The only rustic ( and now the most fashionable) fabrics I saw and recorded, so unusual were they, are these dolls in a museum, dressed in shibori patterned rustic clothes of the 19th century.

rustic dressed dolls from a museum

So looking thought the day book now I am intrigued by what I  eventually did make with all this information. I will try to show some of the results in further blogs, but right now I think that the visual mind has a strange way of making connections between disparate stimuli, because I made work for a patchwork book from this study trip….

and now some 30 years later I am eventually giving classes in making kimono.

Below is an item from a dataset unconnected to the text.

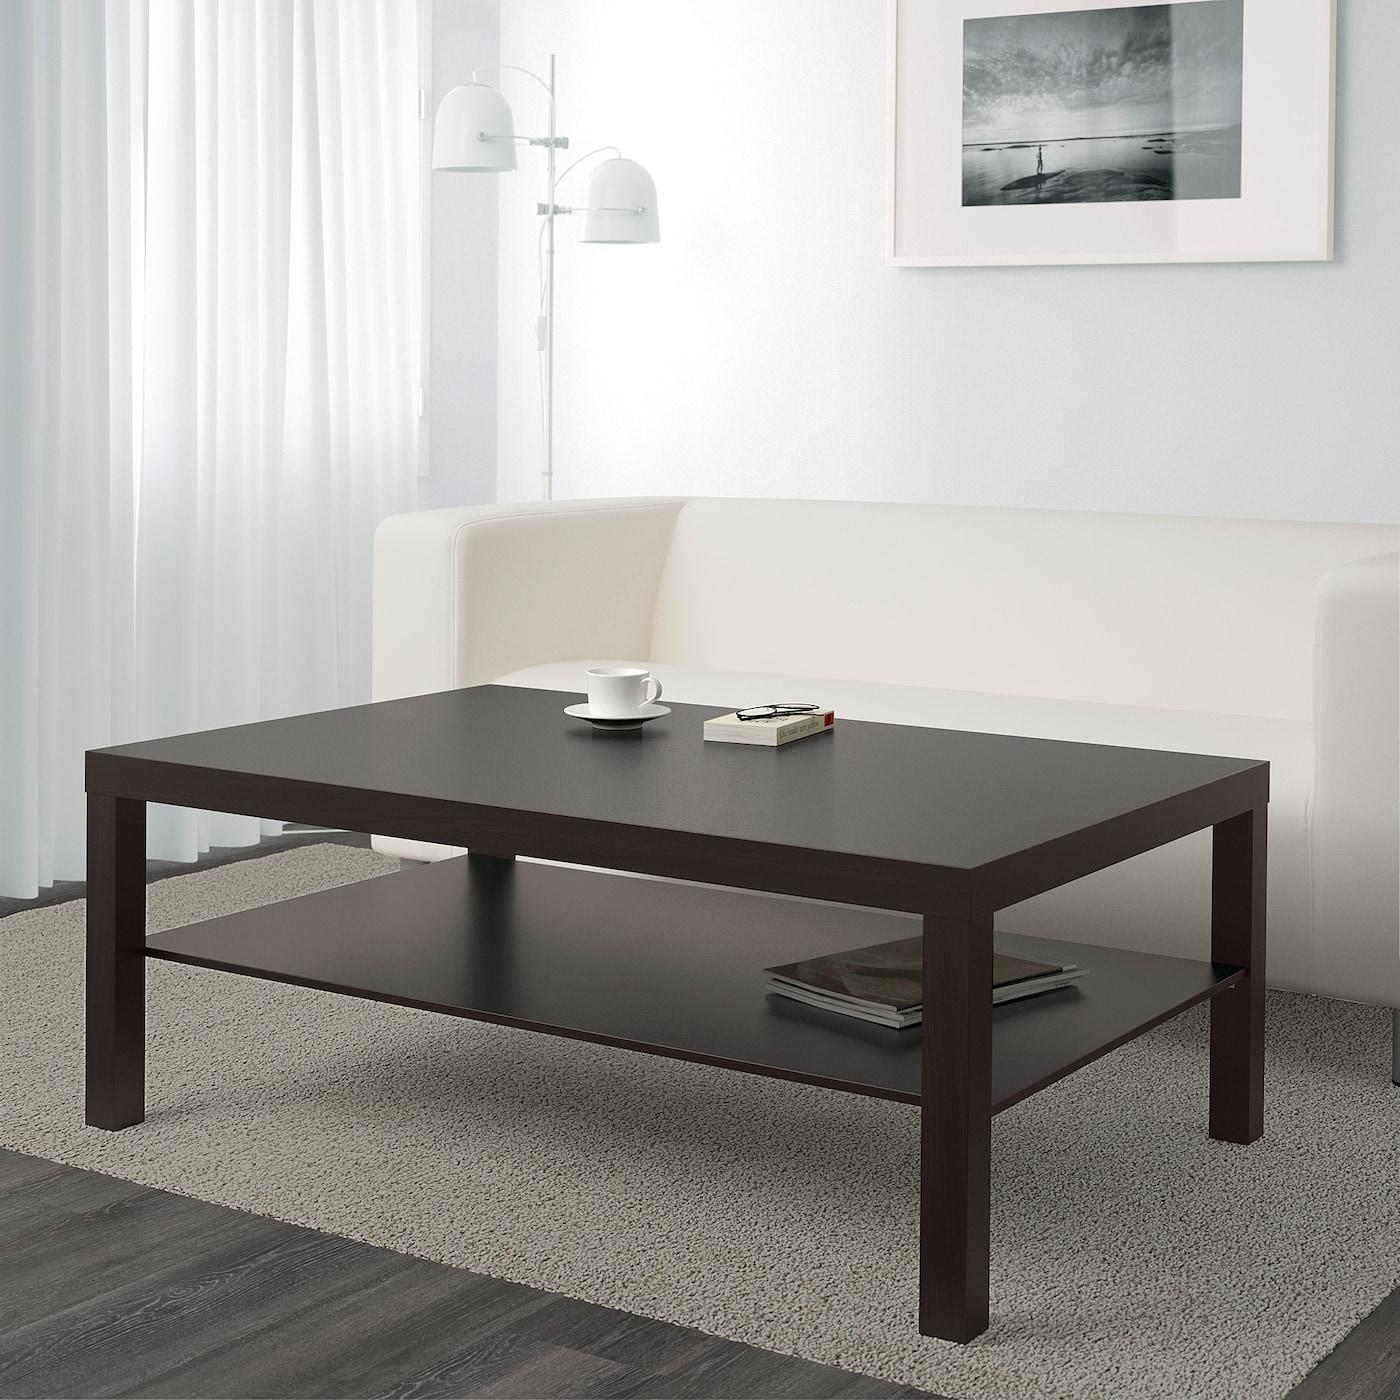 Lack Coffee Table Black Brown Ca Ikea [ 1400 x 1400 Pixel ]

3 thoughts on “Kimono Classes – early research drawings

  1. I so enjoyed reading about your Japanese experience. It must have seemed so strange because when I went there a few years ago I had met lots of Japanese here in Wales and though strange it wasn’t so alien. I loved it! Easily the most interesting foreign country. I enjoyed the food but wasn’t sure what I was eating! I would love to return but the long journey daunts me. Lovely to keep up with you Janet!

    1. Hi Mary,
      well I became fascinated myself by my old work book which I haven’t used for a few years – and even though I now take for granted the ways of working developed from the experience I am revisiting it for new reasons, which goes to prove my long held belief that it is worth while to make in-depth and personal research and not rely on just photographs – of which I have scads from this one journey.

      I am looking forward to digging out the old images from the Francis Kyle Gallery exhibiition, they are on large format sides……wish me luck with the scanner,
      yours, Janet

      ps come and view new premises and see at first hand my return to stitching.